All the lines below should appear again unchanged, though their pictures should not.

======== PROVIDED MATERIAL

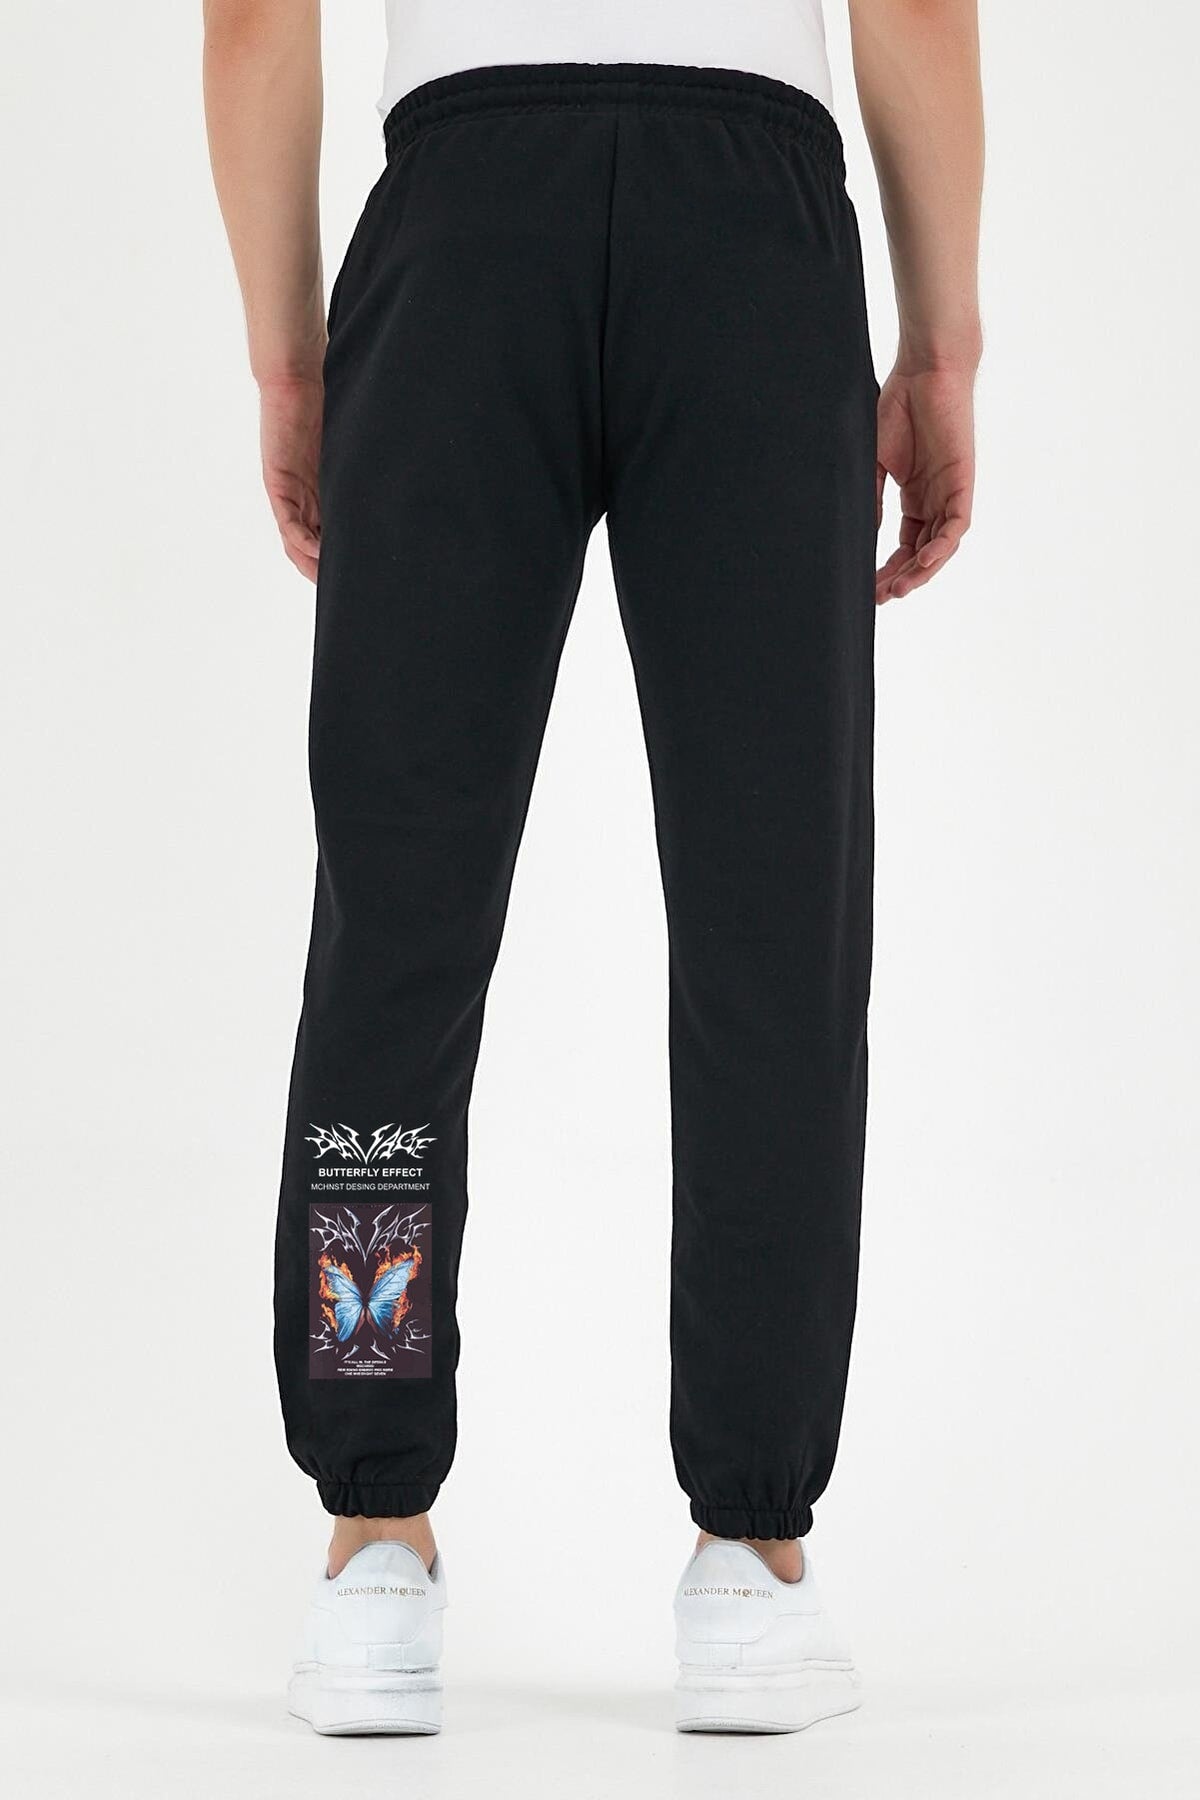 Black Unisex Butterfly Printed Jogger Sweatpants
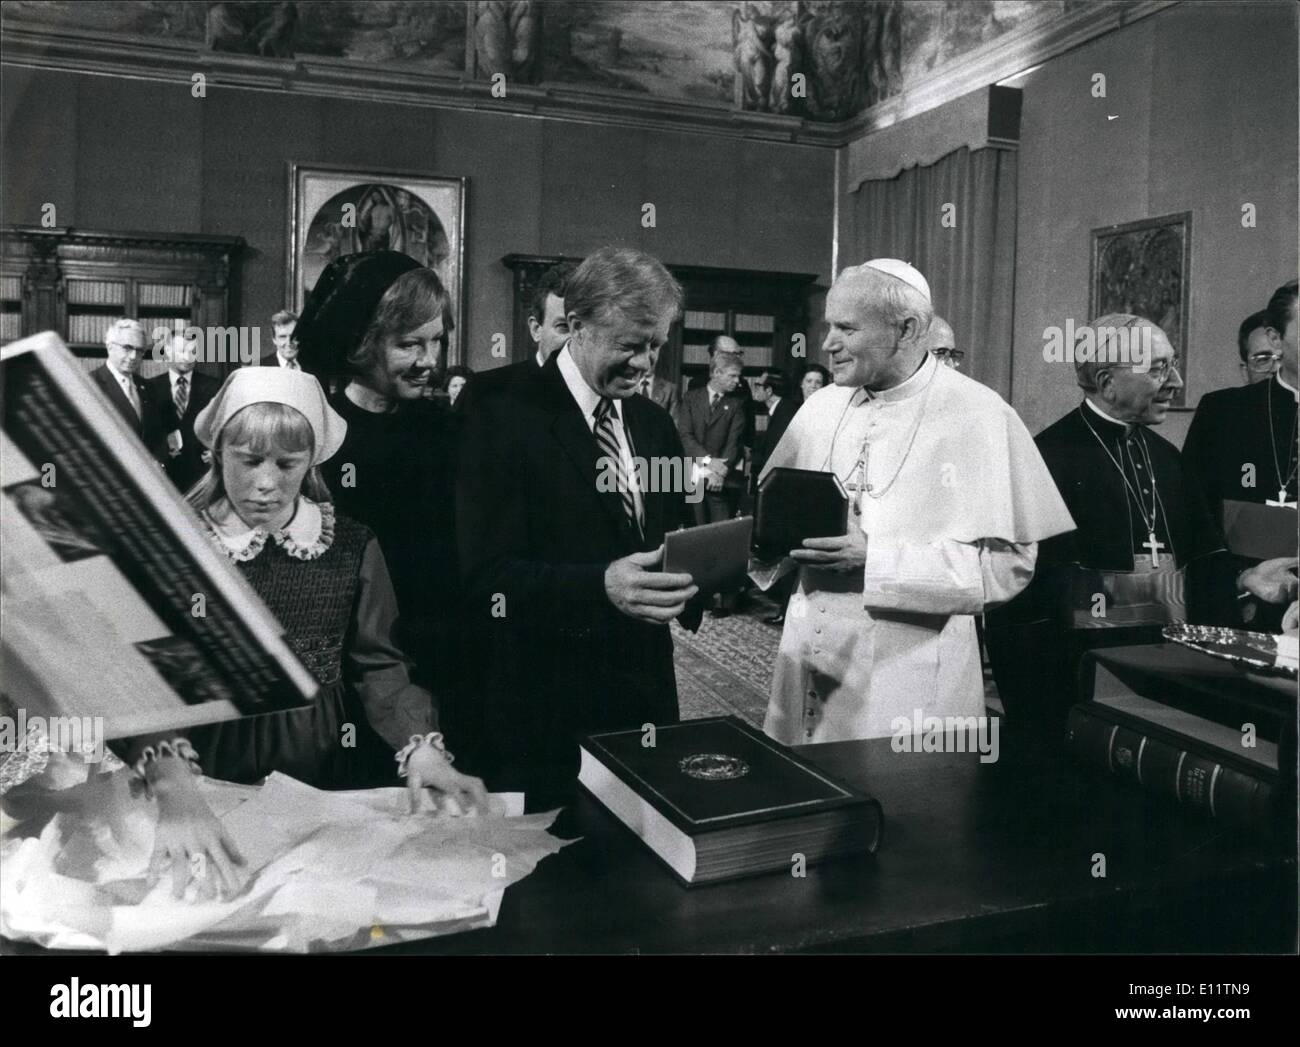 Jul. 07, 1980 - President Carter At The Vatican: President Carter met Pope John Paul II during his recent Visit to the Vatican. Stock Photo
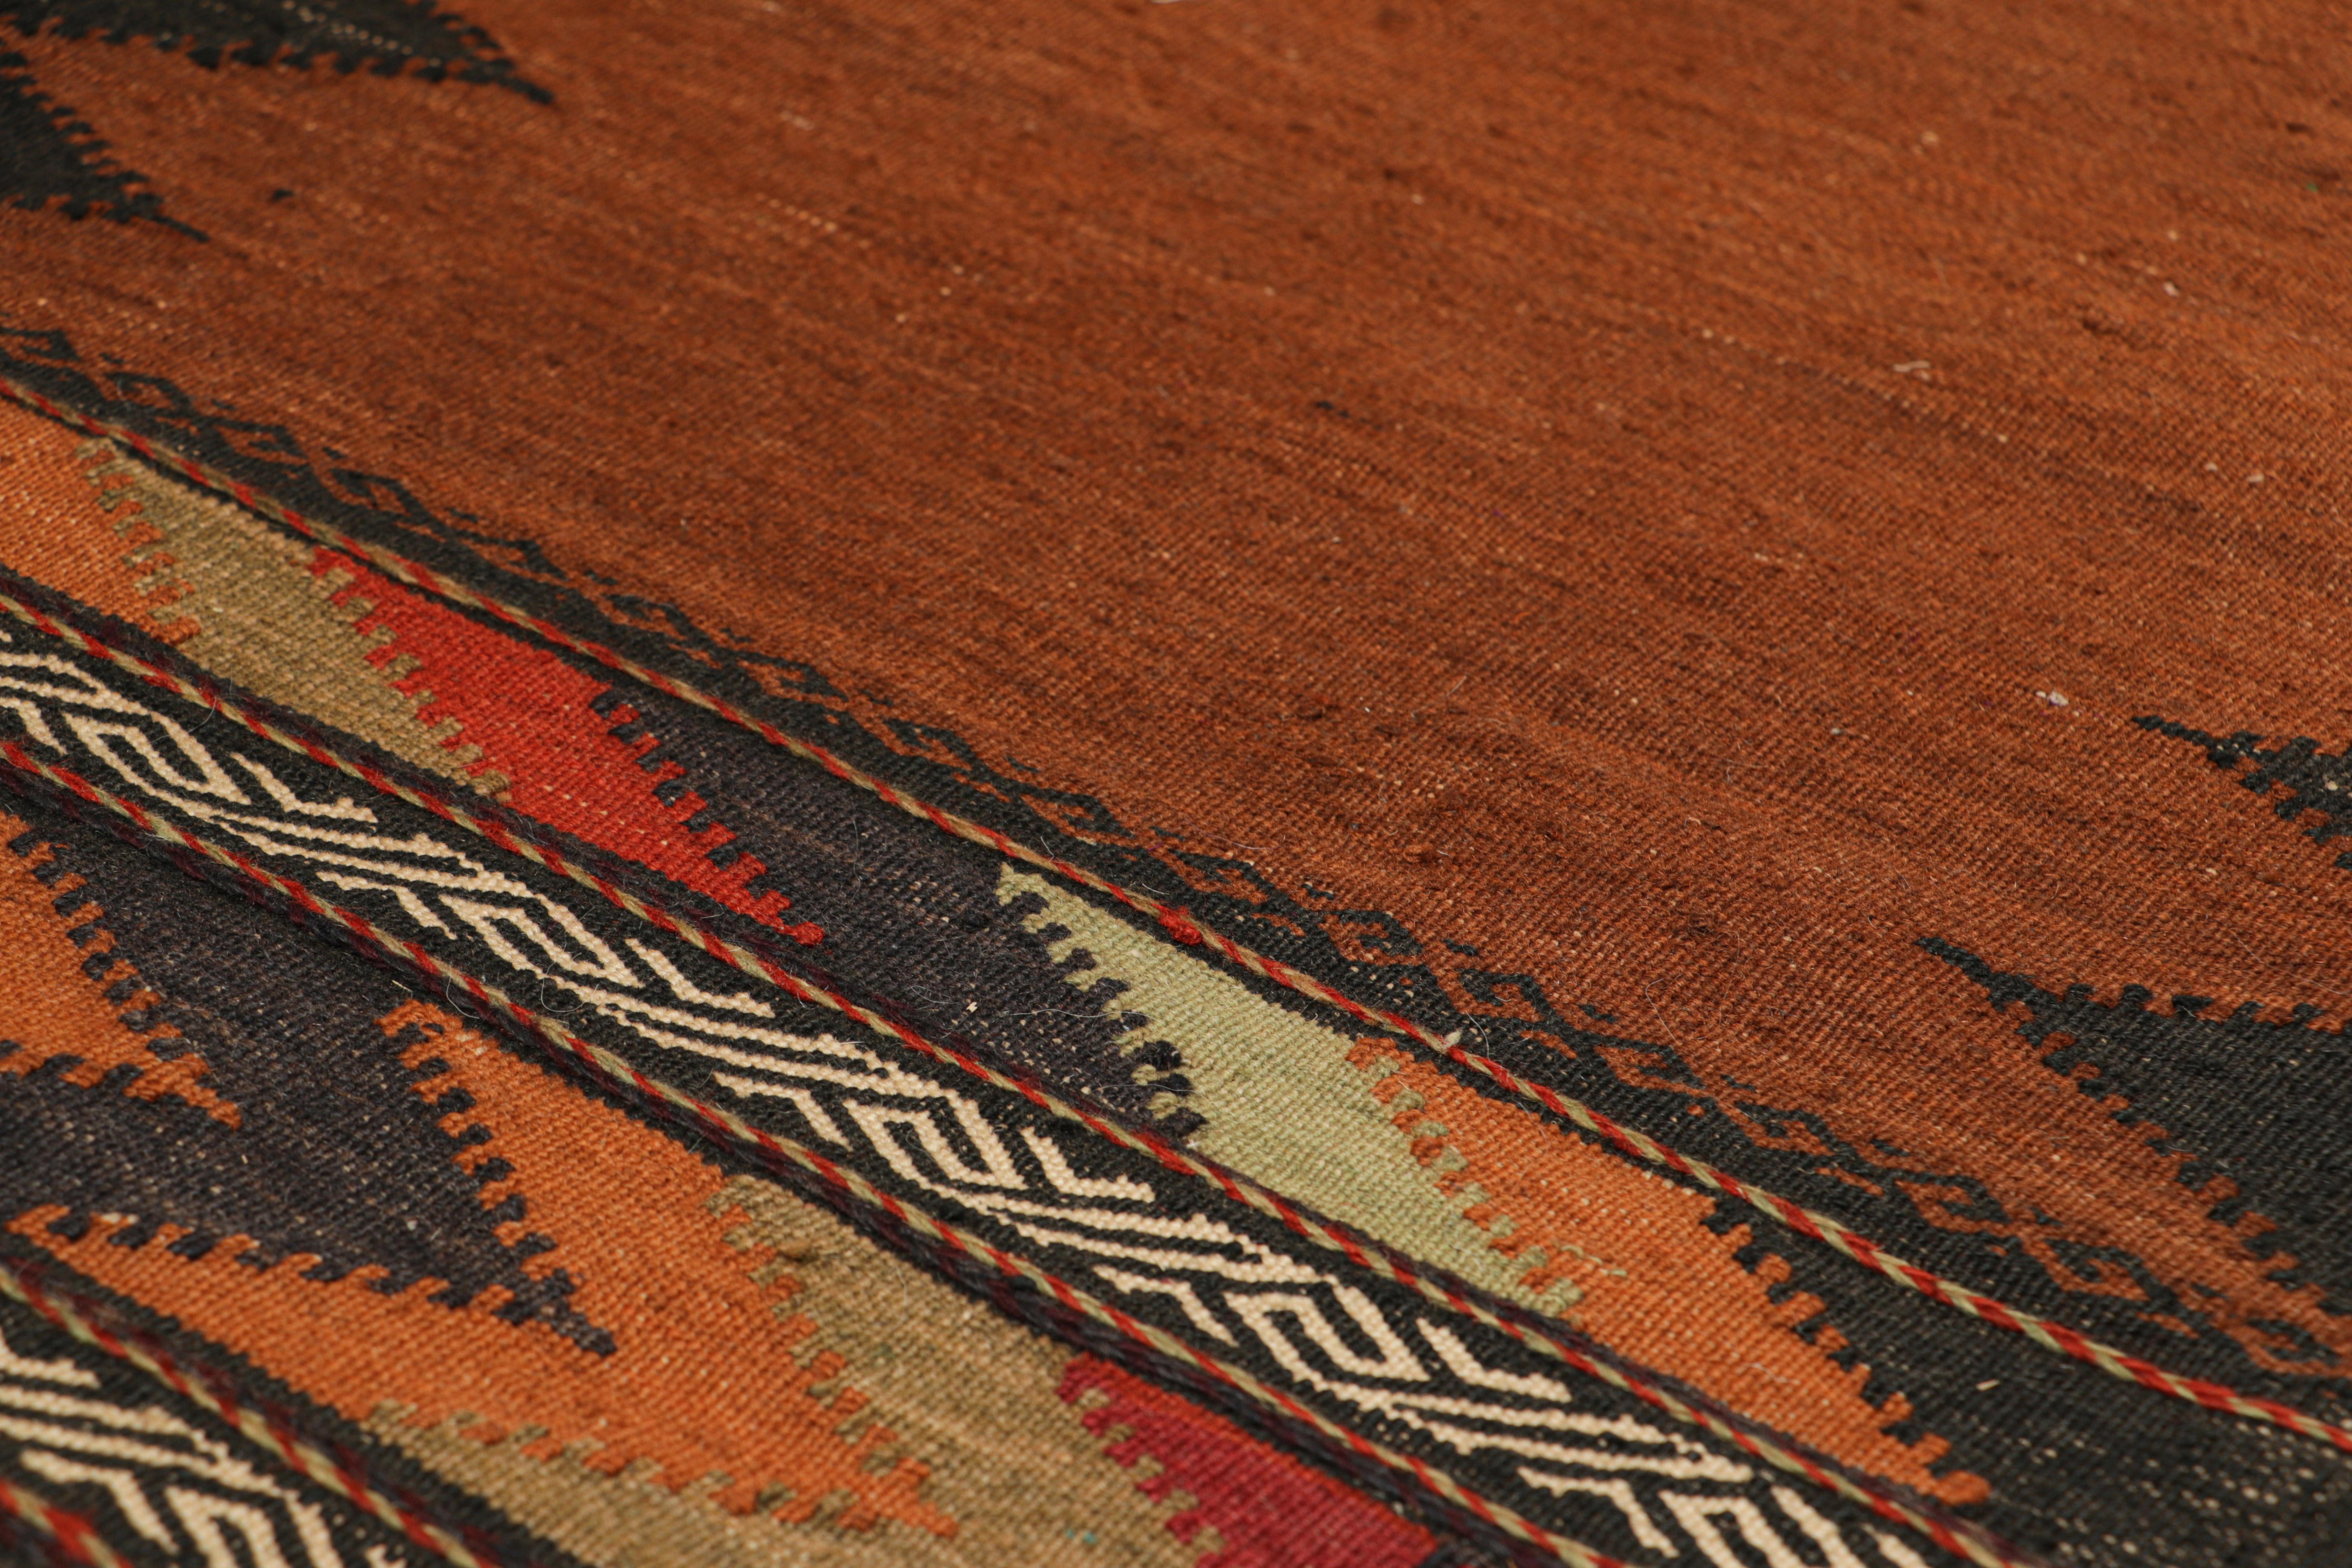 Hand-Woven Vintage Afghan Kilim in Rust, with Polychromatic Patterns from Rug & Kilim For Sale
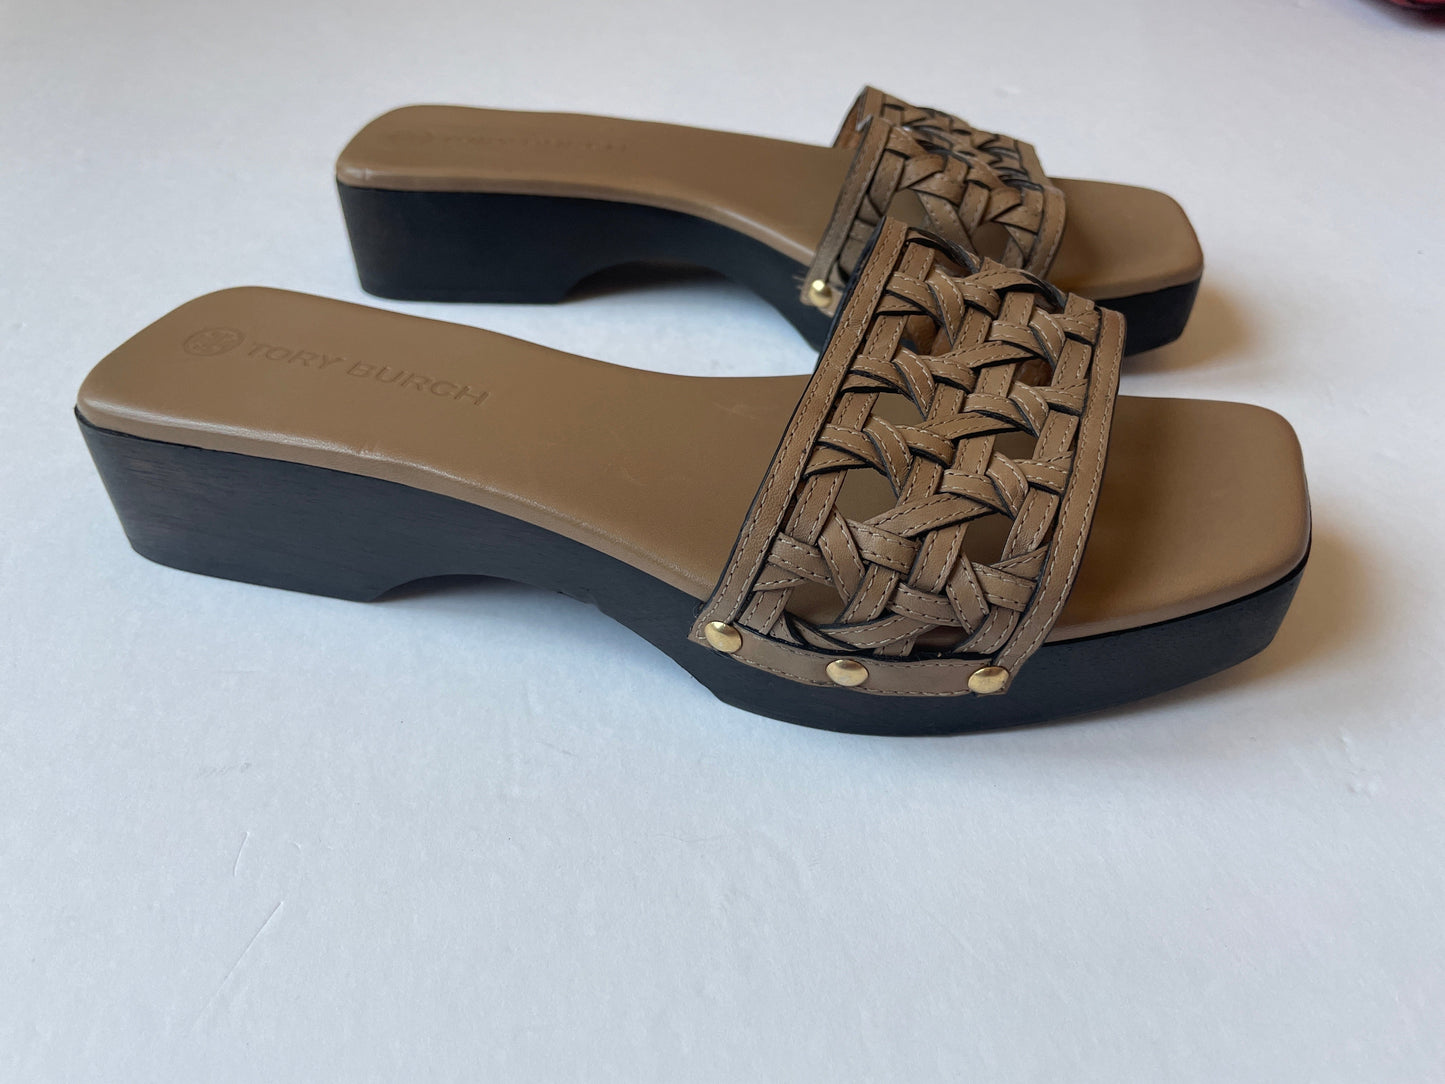 Sandals Flats By Tory Burch  Size: 9.5

================

• [SOLUTION]
 Black Unisex Butterfly Printed Jogger Sweatpants
 Jul. 07, 1980 - President Carter At The Vatican: President Carter met Pope John Paul II during his recent Visit to the Vatican. Stock Photo
 Hand-Woven Vintage Afghan Kilim in Rust, with Polychromatic Patterns from Rug & Kilim For Sale
 Sandals Flats By Tory Burch  Size: 9.5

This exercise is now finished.